Wild Mushroom Soup - PCOS-Friendly Recipe

Wild Mushroom Soup
Prep: 20 min
Cook: 11 min
Servings: 6
Lunch

Nutrition per Serving

75 Calories
6g Protein
11g Carbs
1g Fat
If you can't find the assorted mushrooms that this recipe calls for, regular white button mushrooms work just as well.

Ingredients

  • 1 teaspoon olive oil
  • 1 onion, diced
  • 1 stalk celery, diced
  • 16 ounces assorted mushrooms (cremini, shitake, oyster, white), sliced
  • 2 cloves garlic, minced
  • 2 tablespoons flour
  • 4 cups low-sodium, fat-free chicken broth
  • 1 bay leaf
  • ½ teaspoon salt (optional)
  • ¼ teaspoon ground black pepper
  • ½ cup evaporated skim milk

Instructions

  1. Add the oil to a soup pot over medium-high heat. Add the onion and celery and sauté until the onions turn clear, about 5 minutes.
  2. Add the mushrooms and sauté until soft and all the liquid is evaporated, about 10 to 12 minutes. Add the garlic and sauté 1 more minute.
  3. Add the flour to the mushrooms and sauté for 2 minutes, then add the broth and stir well, scraping up the bits at the bottom of the pan.
  4. Add the bay leaf, salt (optional), and ground black pepper. Bring to a boil, then reduce it to a simmer for 10 minutes.
  5. Add the evaporated milk and simmer for 1 minute. Remove the bay leaf and then puree the soup with an immersion blender or in batches in a stand blender.
  6. Chef Tip: Be sure to buy evaporated milk and not sweetened condensed milk.

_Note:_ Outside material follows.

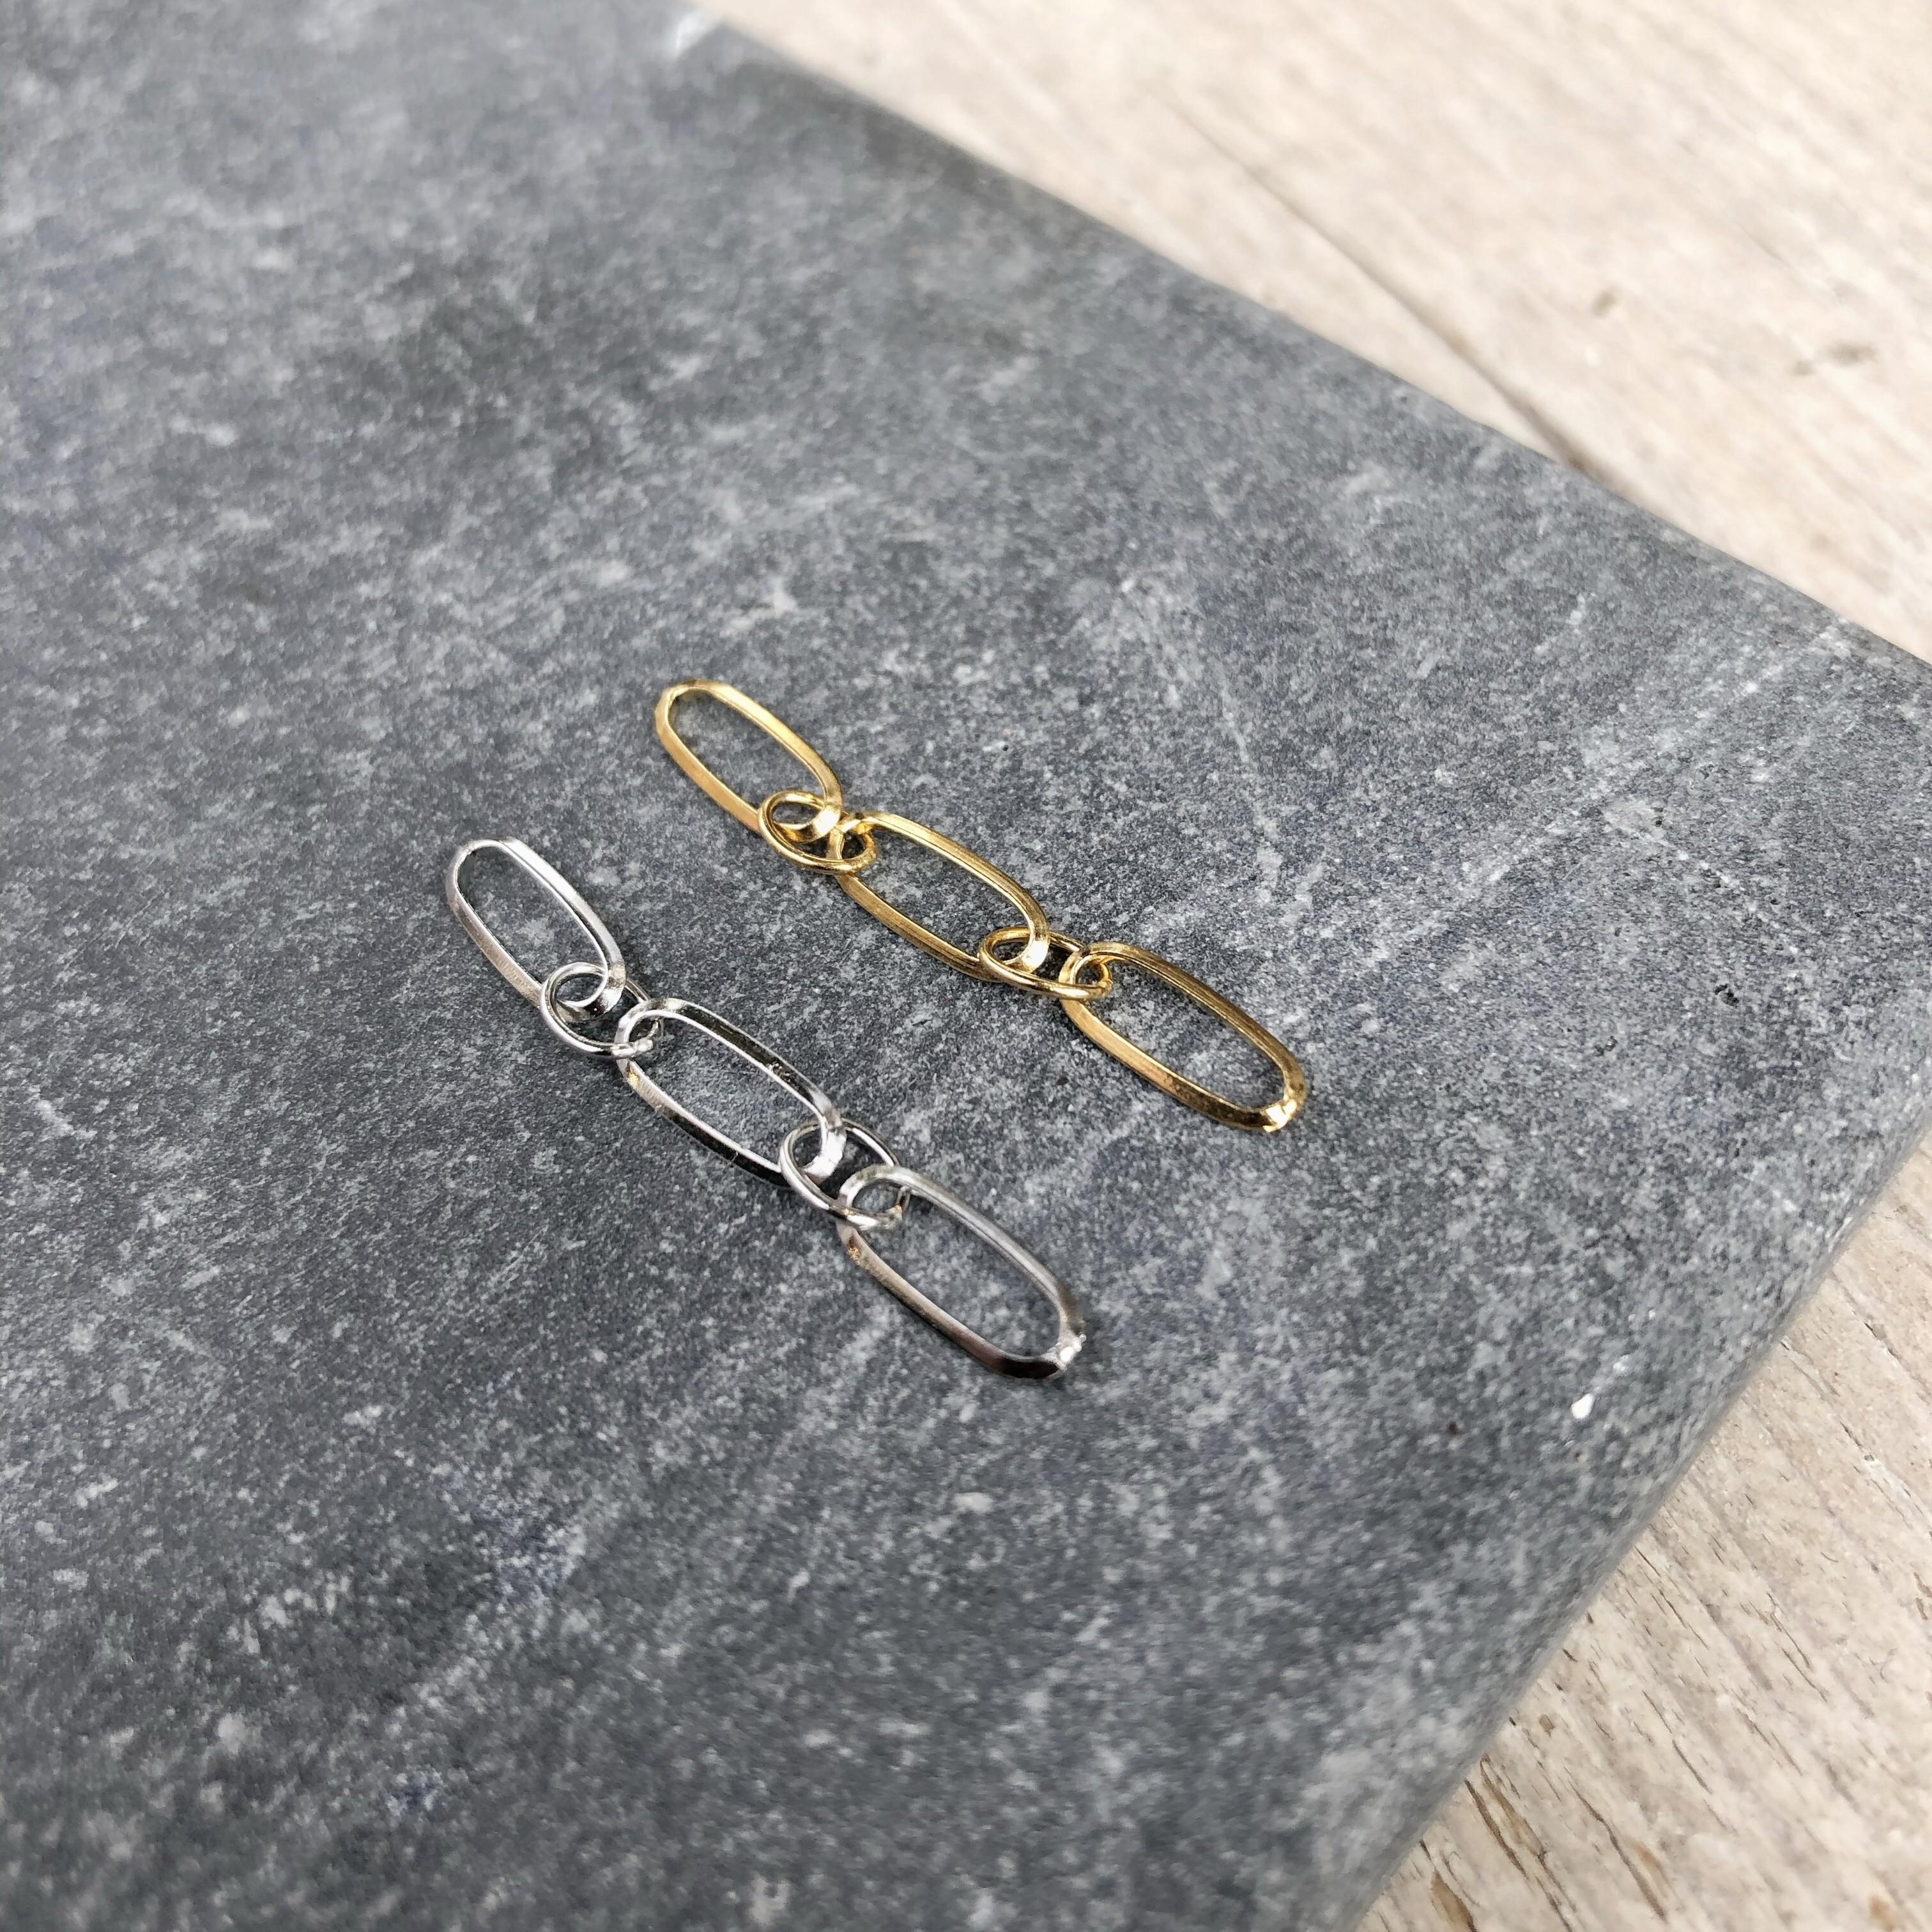 stainless-steel-schakel-hanger-3cm-zilver-goud-per-stuk

How This Recipe Supports PCOS Management

Understanding the nutritional profile of what you eat is a powerful step in managing PCOS. Here is how the key ingredients in this Wild Mushroom Soup contribute to your health goals:

  • Chicken: Protein-rich meals help manage insulin resistance common in PCOS
  • Olive oil: Anti-inflammatory properties make it especially beneficial for PCOS
  • Garlic: May help reduce cholesterol levels often elevated in PCOS
  • Mushroom: Vitamin D deficiency is common in PCOS and supplementation may improve symptoms
  • Onion: Support cardiovascular health and blood sugar regulation

PCOS Diet Principles in This Recipe

The PCOS diet focuses on three core principles: reducing inflammation, managing insulin resistance, and supporting hormonal balance. Every recipe in our collection is evaluated against these principles. This recipe excels in providing protein-rich ingredients that help regulate appetite hormones (ghrelin and leptin), and anti-inflammatory spices that target the chronic inflammation underlying PCOS. As part of a balanced PCOS meal plan, we recommend pairing recipes like this with a variety of nutrient-dense foods throughout the week to ensure you are meeting all your micronutrient needs.

Meal Prep Tip: This Wild Mushroom Soup can be prepared ahead and stored in an airtight container in the refrigerator for up to 3 days. Meal prepping is one of the most effective strategies for sticking to a PCOS-friendly diet, as it removes the temptation to reach for processed convenience foods when time is short.